Holidays with Grell

Today I’m going to be returning for a post on one of my favourite diecast lines: the promotional toys made for German marketing company Grell.

I wrote an in depth look at the offerings available last month, and proving that every day is a school day I have since learned that the manufacturer Grell used to produce the models was the now defunct High Speed. Surprisingly some High Speed castings live on with other manufacturers but sadly not any of the Eastern Bloc vehicles. I’m keen for them not to be forgotten however, and in the first post I mentioned I’d share more Grell when my collection grew. And that moment has come, courtesy of 2 brilliant Trabants with a decidedly holiday theme.

Firstly this 601S complete with “Dachzelt” or “roof tent”.

The “Dachzelt” was the brainchild of Gerhard Müller, an agricultrual machinist from the Saxony town of Limbach-Oberfrohna. Inspired by similar arrangements he had seen on vehicles while living in France as a teenager, he decided he wanted to bring the concept to the people of East Germany and in 1976 he began working on a prototype. Due to the political situation at the time, East Germans who could afford a holiday were extremely limited in their choice of destinations. Flights were expensive and destinations outside the Eastern Bloc were pretty much impossible for a normal East German citizen. Subsequently many East Germans turned to the car for their means of getting away. Trips to the Baltic Coast, The Balkans and drives into the countryside were common. This gave the roof tent had a strong customer base. In the height of production the waiting list could be around 2 years. Müller began organising popular meetings for roof tent owners, bringing in owners from Germany and further afield. He also made awnings for ice cream parlours and shops, and business was going strong up until the fall of the Berlin Wall in 1989. Running a business in the strange new world of unified Germany was sadly not successful for Müller and he fell into debt, dealing with cancelled orders and a huge surplus of material. He tried to revive the once popular meetings and re-ignite some interest in his product but he never got to see a second wind for his creation. He sadly passed away in 1999, en route to offering one of his tents to a museum in Poland.

These days the Dachzelt or Müller-Zelt has become a must have accessory for the new breed of Trabant owners, and there are even reproductions being made. Since 2009 owners have been gathering again, swapping stories of old meets and holidays and taking part in road trips.

In the world of diecast Trabis, the Grell car is the only 1/64 scale one out there complete with the Müller tent.
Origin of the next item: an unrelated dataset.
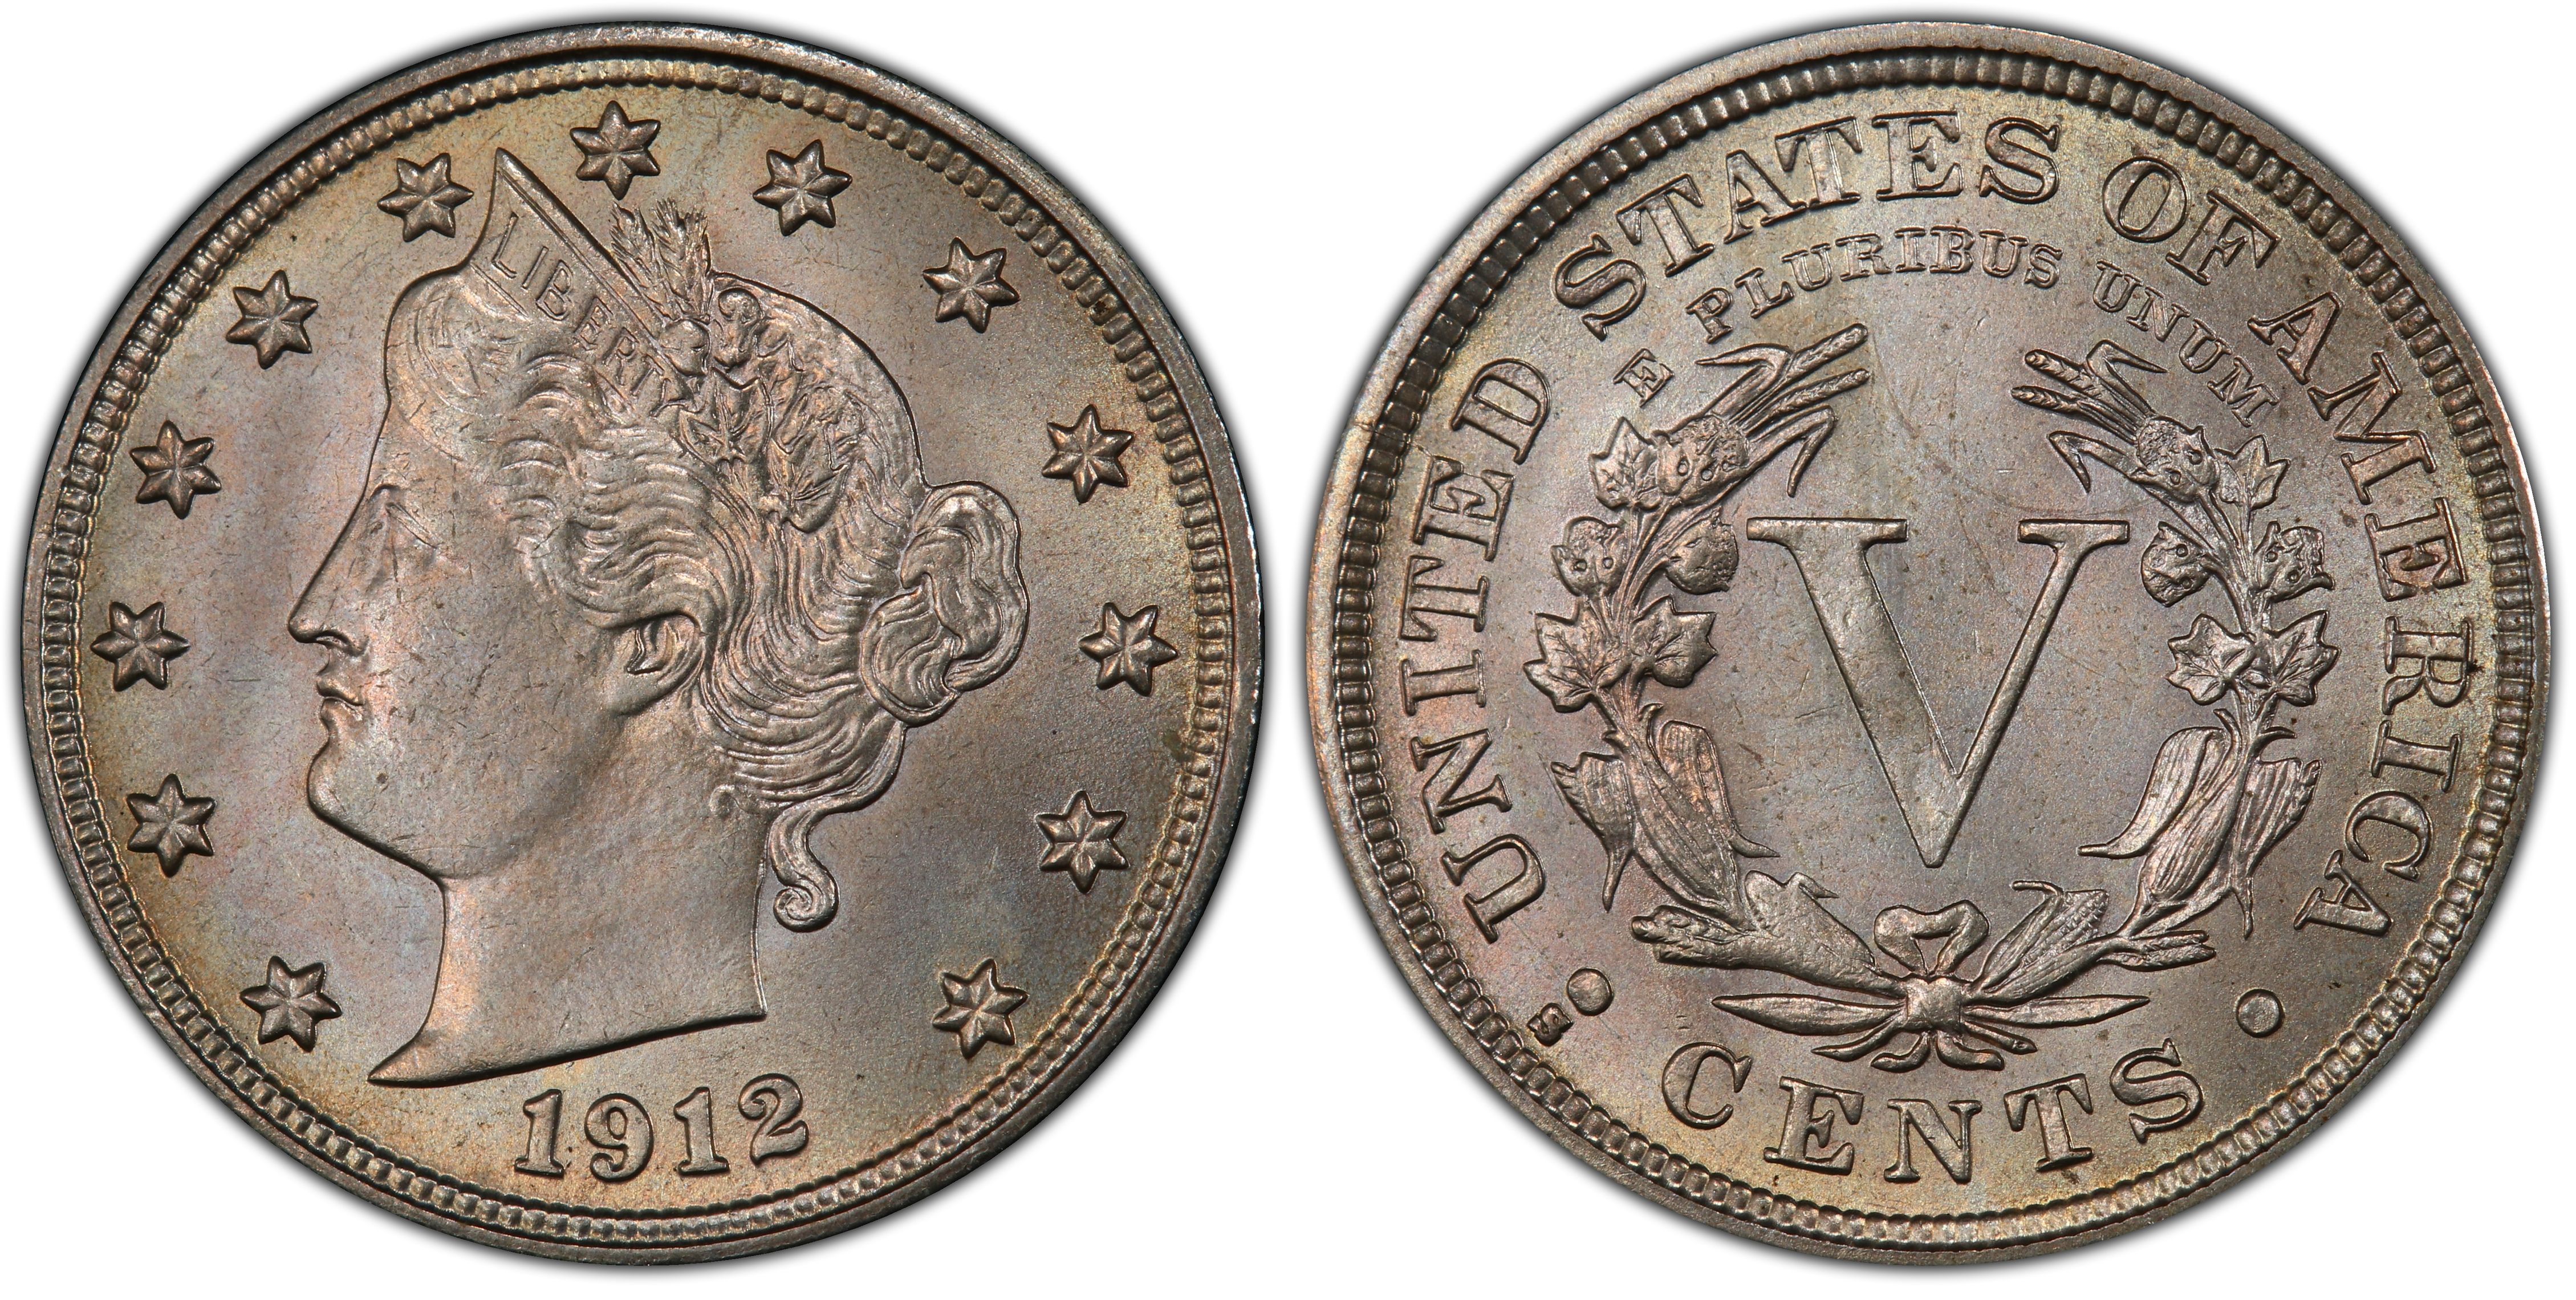 Liberty Nickel - PCGS CoinFacts
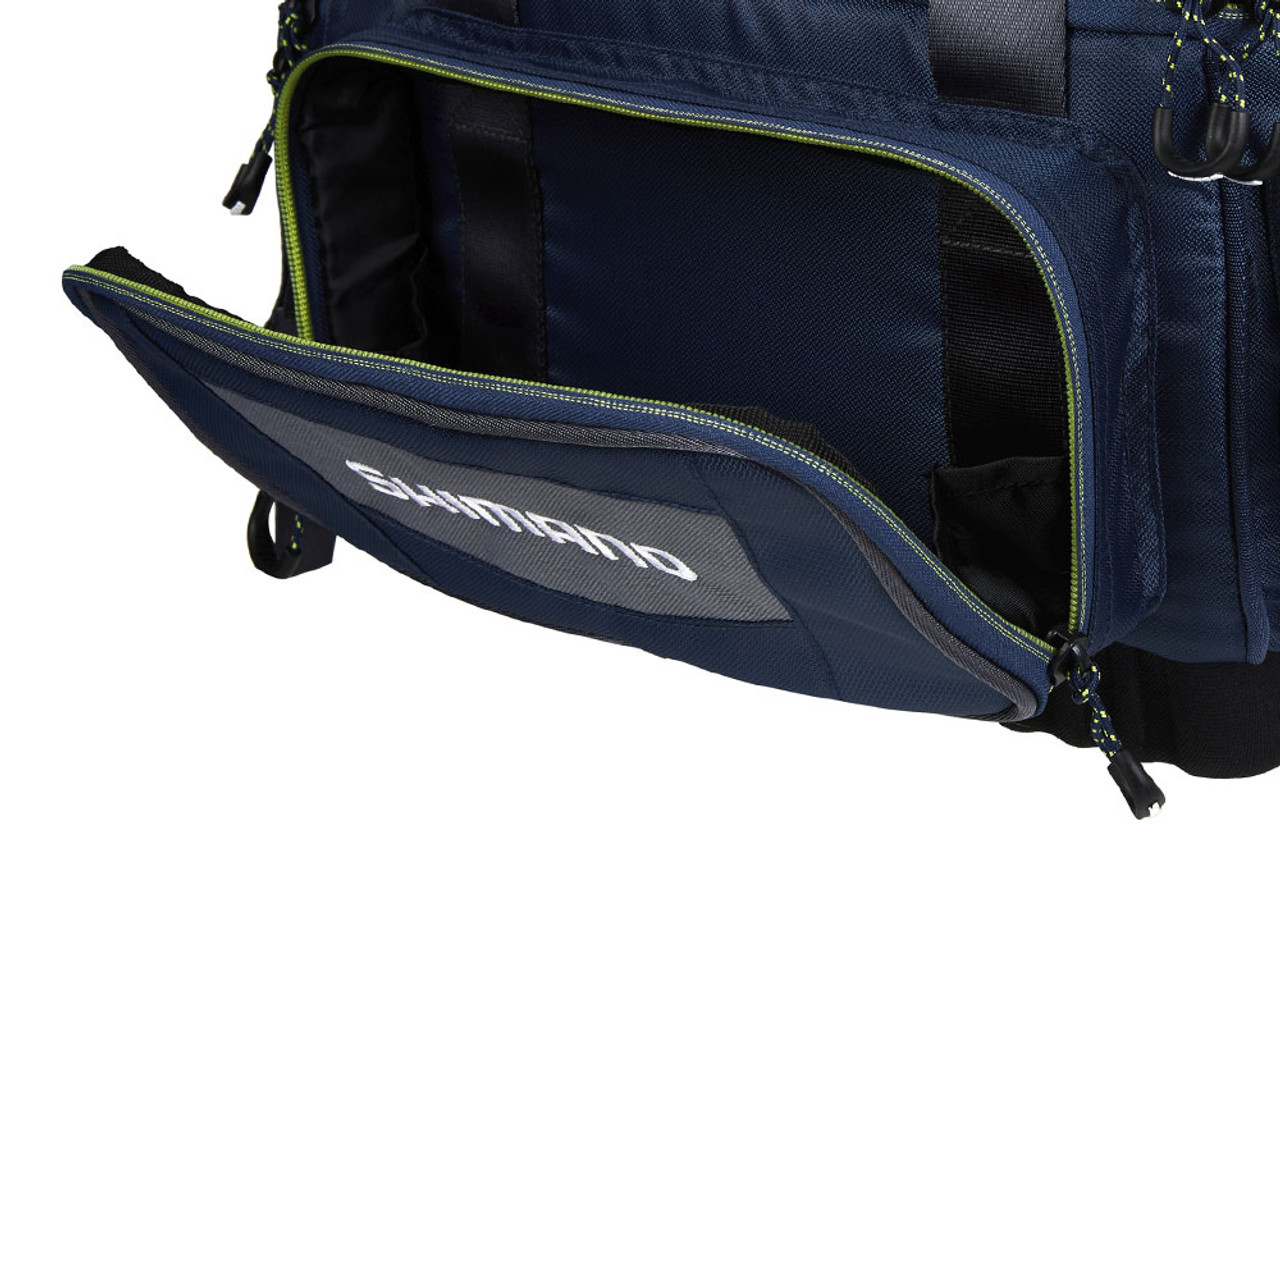 Buy Offering Discounts Shimano Tackle Bags - Tackle Storage Bag - With 54%  Discount!

The Trabant casting itself is a bit basic but well proportioned. Combined with the dachzelt though makes for such a unique piece. It’s a must have for collectors of Eastern Bloc diecast and even for collectors of DDR related items. The tent can be removed by the way, but doing so reveals two large holes where the base clips into the roof, so best to leave it on in all its glory!

The other Grell Trabant to arrive in my collection recently is the very green 601 Kombi hauling an IFA Camptourist trailer tent.

The Camptourist was the go to for a family camping holiday in the DDR. Available in different sizes to accommodate 2 to 8 people, the Camptourist was a stalwart of many of Eastern Europe’s campsites come summer time. Thanks to a burgeoning retro and vintage car scene and a certain amount of “Ostalgie”, the Camptourist is still a rather desirable bit of kit to owners of classic Eastern Bloc vehicles and there’s also an interest in them among certain vintage Volkswagen owners meaning that they can still sell for a tidy sum of money.

Image from oldie-camping.de

The Grell version sadly doesn’t open up into the full size tent like the one above, infact it’s a rather light and basic plastic trailer sat on wheels borrowed from the US trucks that Grell also produced. But regardless, I’m happy they have chose to replicate it in any form as it’s an interesting piece of the story of East German motoring.

And the Trabant Kombi tow vehicle is such a perfect combination with the Camptourist trailer. Ugly tow hitch aside, I love this casting especially in green. Oddly the paint is matt finish although I have seen gloss versions in the same colour.

The 2 cars sit perfectly with the Wartburg 353 Kombi and Intercamp caravan that you saw in my first Grell feature.

If you’re a fan of your weird and wonderful, your Eastern Bloc vehicles or indeed a modeller or customiser out for some good pieces for a diorama or custom, you can’t go far wrong with these Grell combinations. Worth a look for the dedicated collectors for sure.